4.1. Modeling the Benessere–GDP Nexus with Machine Learning: Evidence from KNN

The comparative analysis of the seven models, based on the use of normalized performance metrics, shows that K-Nearest Neighbors (KNN) represents the best model in terms of explanation and prediction of regional GDP based on BES indicators. First, KNN has the highest value of R² (1.000), implying that it explains the largest possible variation in GDP among the competing models. In regional economic models, GDP depends on complex, nonlinear, and regionally varying processes; a model capable of explaining a larger variation in GDP has a higher chance of representing the underlying economic reality. Although Random Forest has a high value of R², KNN moderately outperforms it with smaller prediction errors. Second, KNN has a stable performance on all error metrics. With a normalized value of MSE (0.994), RMSE (0.679), and MAE (0.773), KNN’s prediction values are both small and stable. Stability in performance is important since models with high values of R² and low values of error metrics might describe the data structure well but with large prediction errors. KNN avoids this weakness since it provides high values of explanation power and low values of prediction error. In addition, its MAPE (0.786) value shows low percentage errors, implying a high level of accuracy in GDP prediction in both absolute and percentage terms.
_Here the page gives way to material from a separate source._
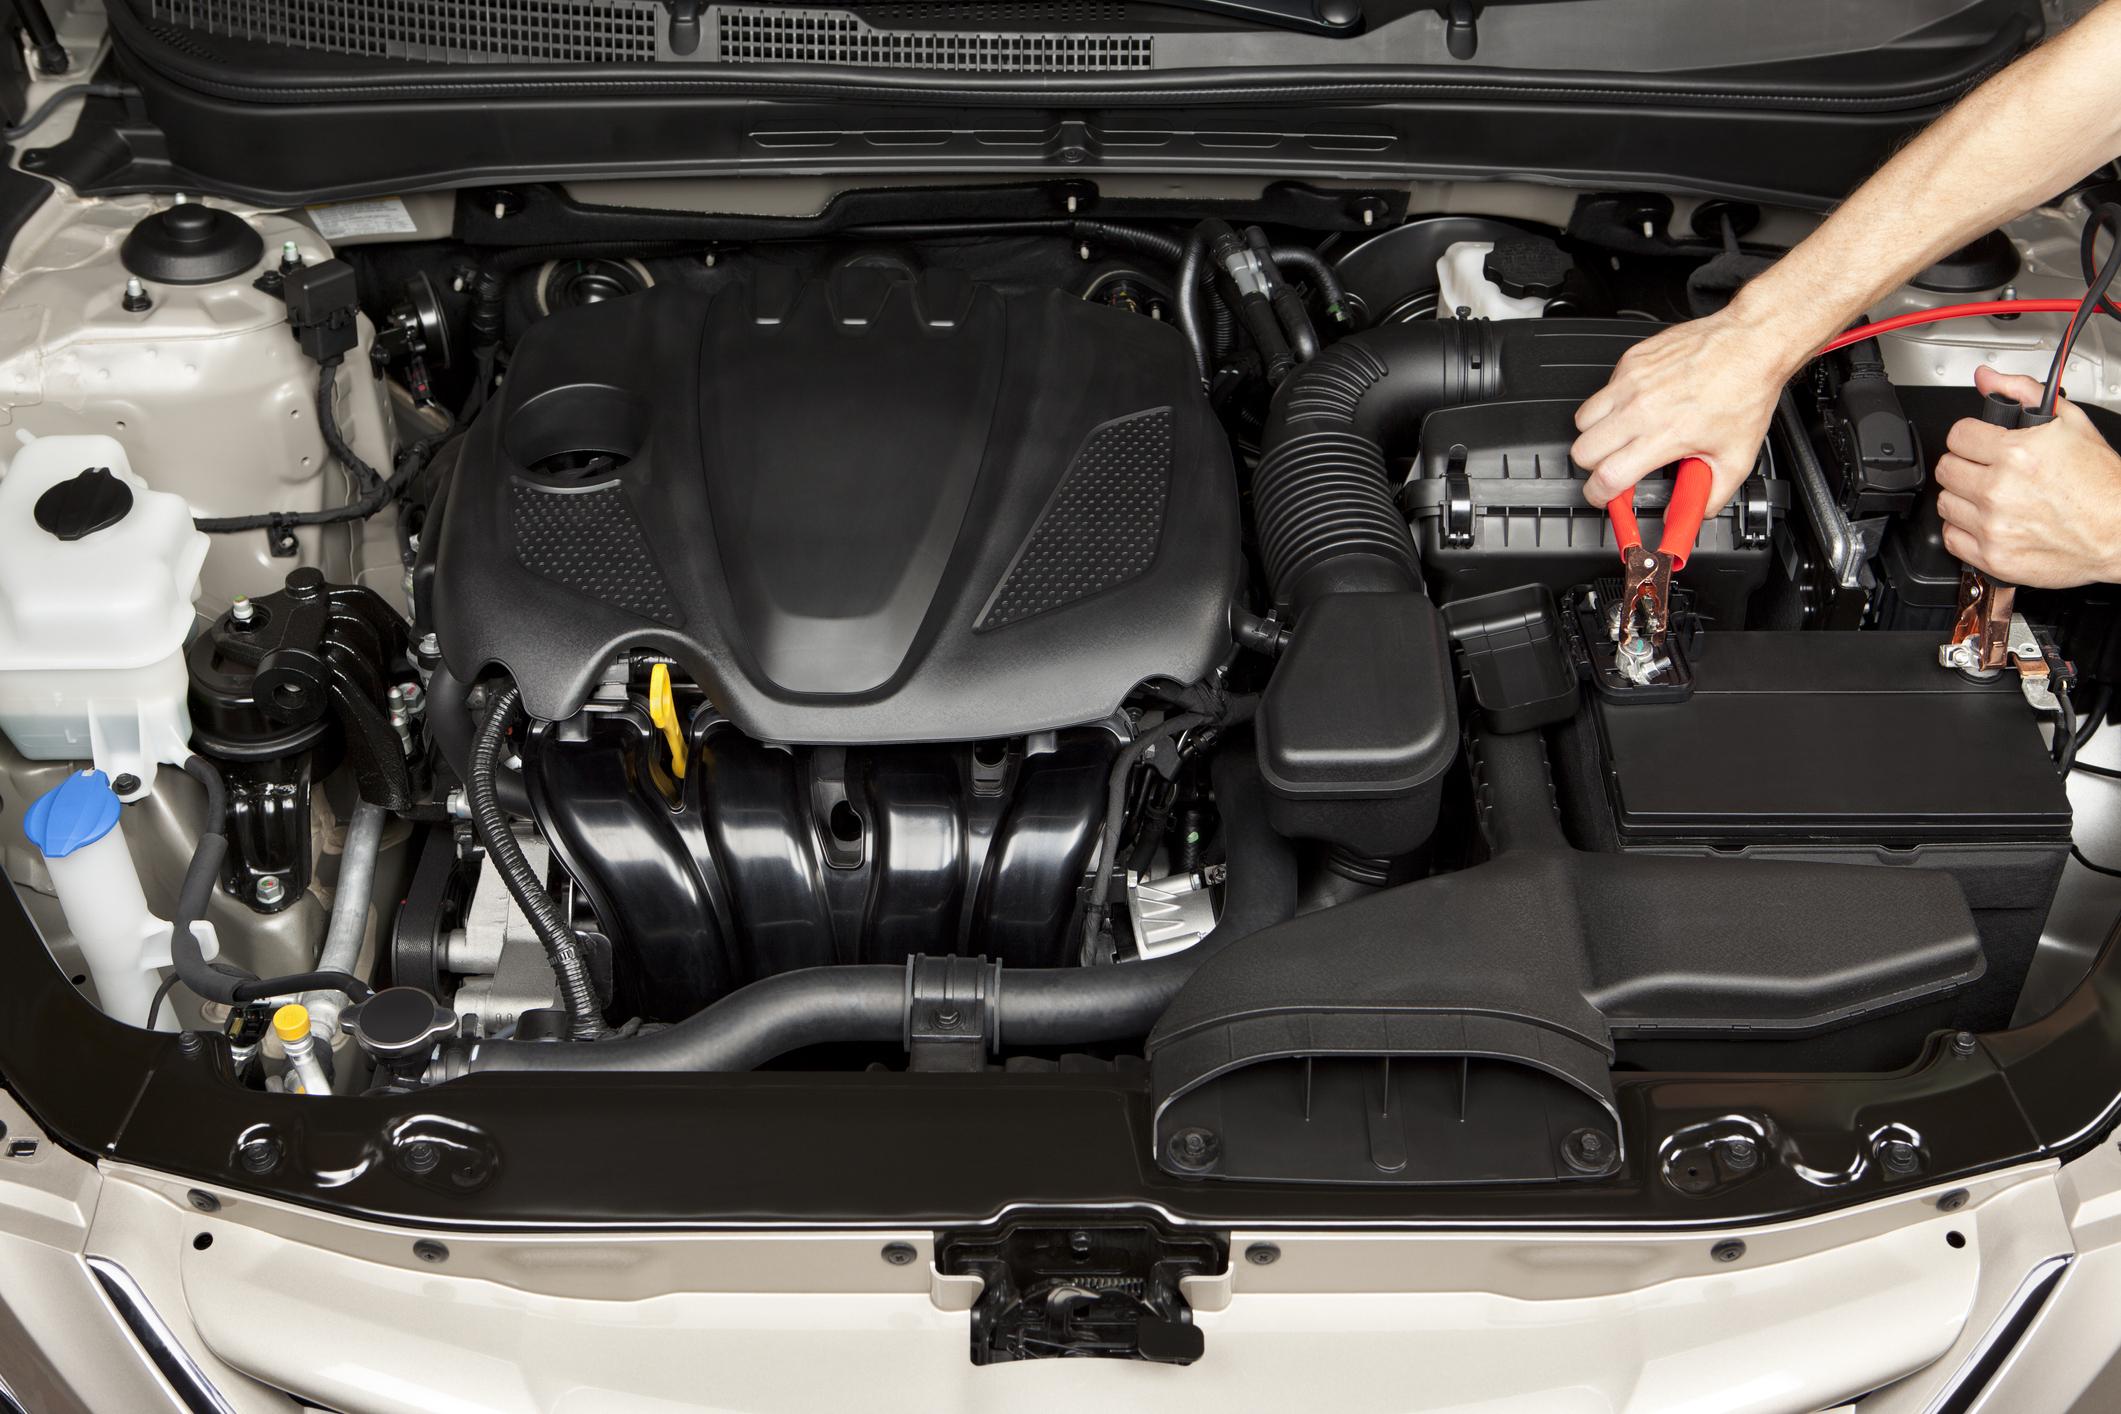 Fase due: precauzioni e consigli per rimettersi al volante senza problemi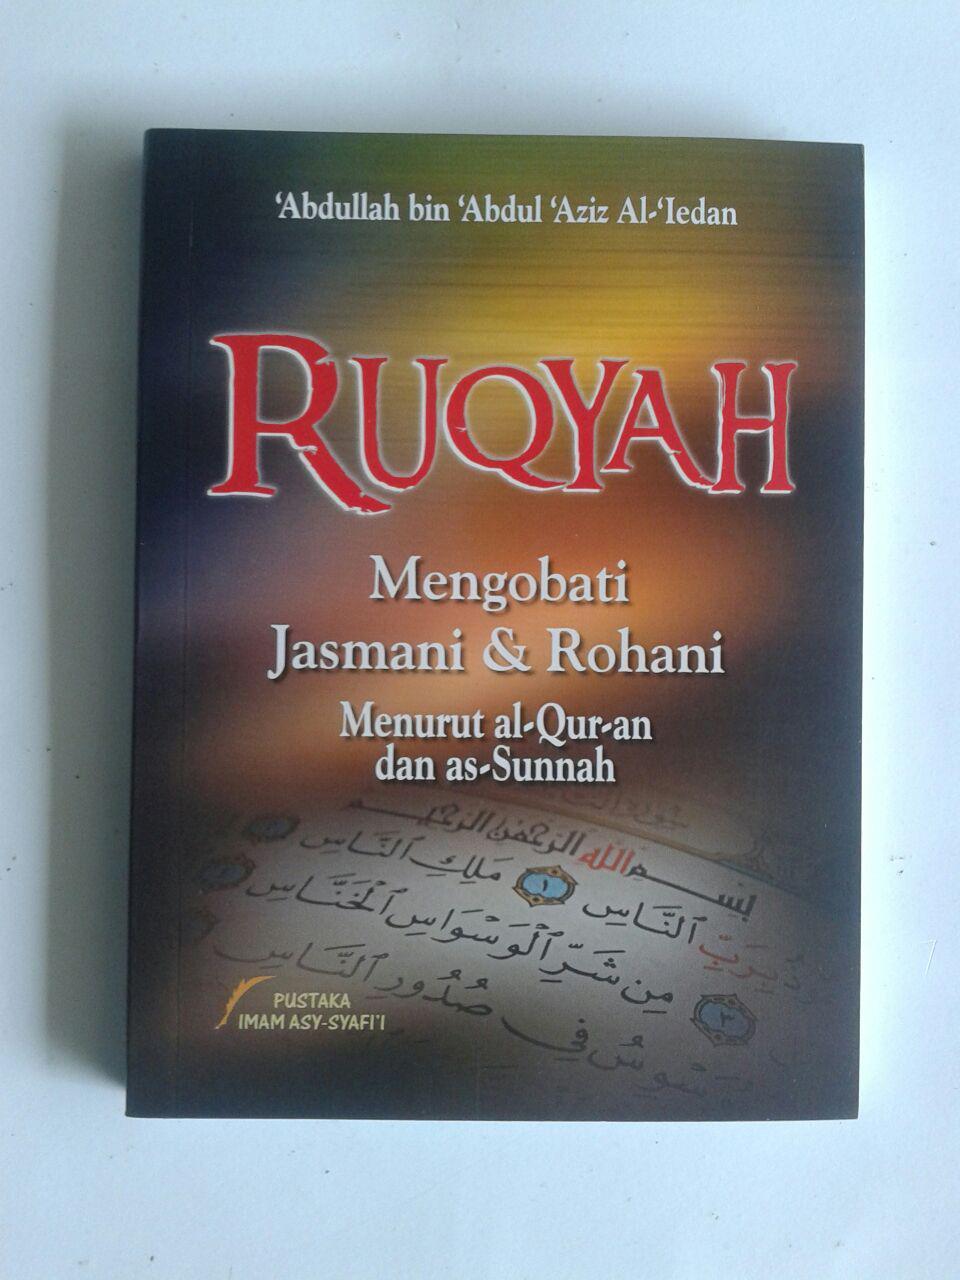 Buku Ruqyah Mengobati Jasmani & Rohani cover

Third, in relation to other parametric models such as Linear and Regularized Linear Regression models, KNN has a higher capacity to describe the nonlinear relationship between BES dimensions and GDP in regions. In regional economies, performance depends on threshold effects, clustering, and local interactions (coexistence of high GDP, high services, and high urban density). KNN has a higher capacity to describe these effects since it depends on local information rather than a global functional relationship. Finally, in relation to other tree-based models such as Decision Trees and Random Forest models, KNN has a higher balance in performance. While Decision Trees provide high performance in MAPE but low performance in R² values, the latter provides high performance in R² values but with high prediction errors. See Table 4.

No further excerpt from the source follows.